The American Association for Cancer Research reports that being overweight is linked to 25 percent of cancers, and adding lack of exercise and eating pro-inflammatory foods raises the risk to 33 percent of newly diagnosed cancer cases in the U.S. The International Agency for Research on Cancer (IARC) reported that being overweight increases risk for 17 different cancers: colon, rectum, esophagus, kidney, breast (women), endometrium, stomach, liver, gall bladder, pancreas, ovary and thyroid, as well as fatal prostate cancer and breast cancer in men, meningioma, multiple myeloma and B-cell lymphoma (N Engl J Med, Aug 25, 2016;375:794-798). Overweight is associated with almost five million cancer deaths each year.

• Cancer risk is associated particularly with belly fat, rather than having fat in other places (Circulation, 2008;117(13):1658–1667). It is belly fat that markedly increases inflammation.
• Full fat cells turn on your immunity to cause inflammation, insulin resistance and oxidative stress (Br J Nutr, Dec 2011;106 Suppl 3:S5-78). Obese people have higher blood levels of these markers.
• The foods that cause the highest rises in blood markers of inflammation include sugar, animal fats and fried foods (AGEs). See Anti-Inflammatory and Pro-Inflammatory Foods.
• Obesity increases levels of cell growth stimulators: insulin, insulin-like growth factor-1 (IGF-1) and leptin. It also decreases adiponectin, a cell growth inhibitor. Cell growth stimulators are associated with increased cancer risk.
• Fat cells produce large amounts of estrogen, too much of which can stimulate breast and uterus cells to grow at a very fast rate, which raises risk for cancers of the breast and endometrium.

How Does Excess Weight Increase Cancer Risk?
The most likely explanation for the link between obesity and cancer is an overactive immunity (Archives of Physiology and Biochemistry, 2009;115(2):86–96). Your immunity is supposed to kill germs that invade your body and as soon as the germ is gone, it is supposed to reduce its activity. If your immunity stays active, it then uses the same mechanisms that it uses to kill germs on you. This is called inflammation. Your immunity attacks your own genetic material called DNA. Your DNA tells your cells that they are supposed to divide a certain number of times and then die, having been replaced by new cells. However, if the DNA in cells is damaged, the cells can forget to die and keep on dividing. For example, breast cancer cells do not kill a person as long as they stay in the breast.

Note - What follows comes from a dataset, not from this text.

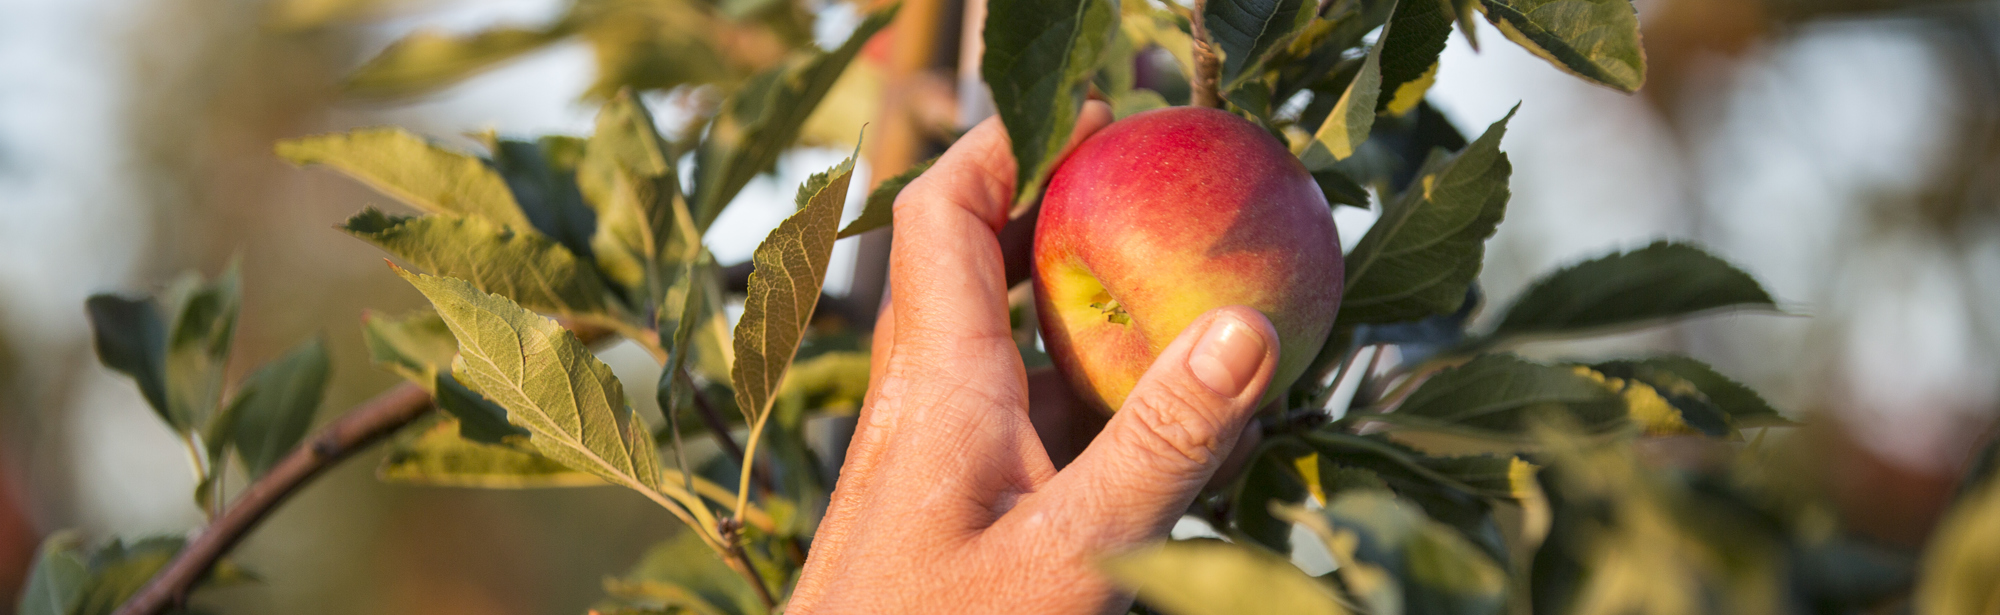 Een hand die een appel plukt van een fruitboom
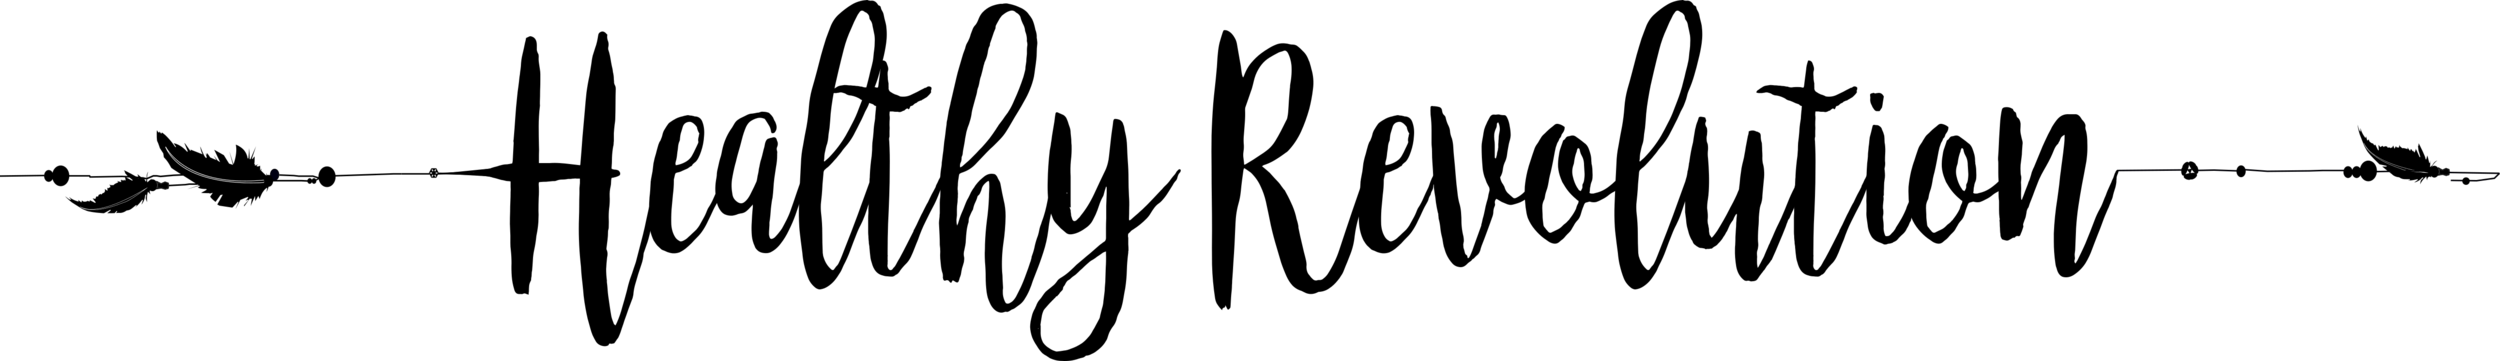 Logo HR (Negro).png

They kill by becoming so abundant that they spread from the breast to invade and destroy your brain, lungs, bones and whatever other organs they invade.

Risk for many types of cancers is reduced by:
• restricting calories, which lowers insulin and insulin-like growth factor-I (Frontiers in Physiology, 2012;3(318):1–10), and inflammation (Cancer Research, 2012;72(9):2314–2326).
• regular exercise (Nature Reviews Cancer, 2008;8(3):205–211).
• eating lots of fruits, vegetables and other anti-inflammatory foods (British Medical Journal, 2006;333(7578):1109–1111, and BMJ. Nov 10, 2011;343).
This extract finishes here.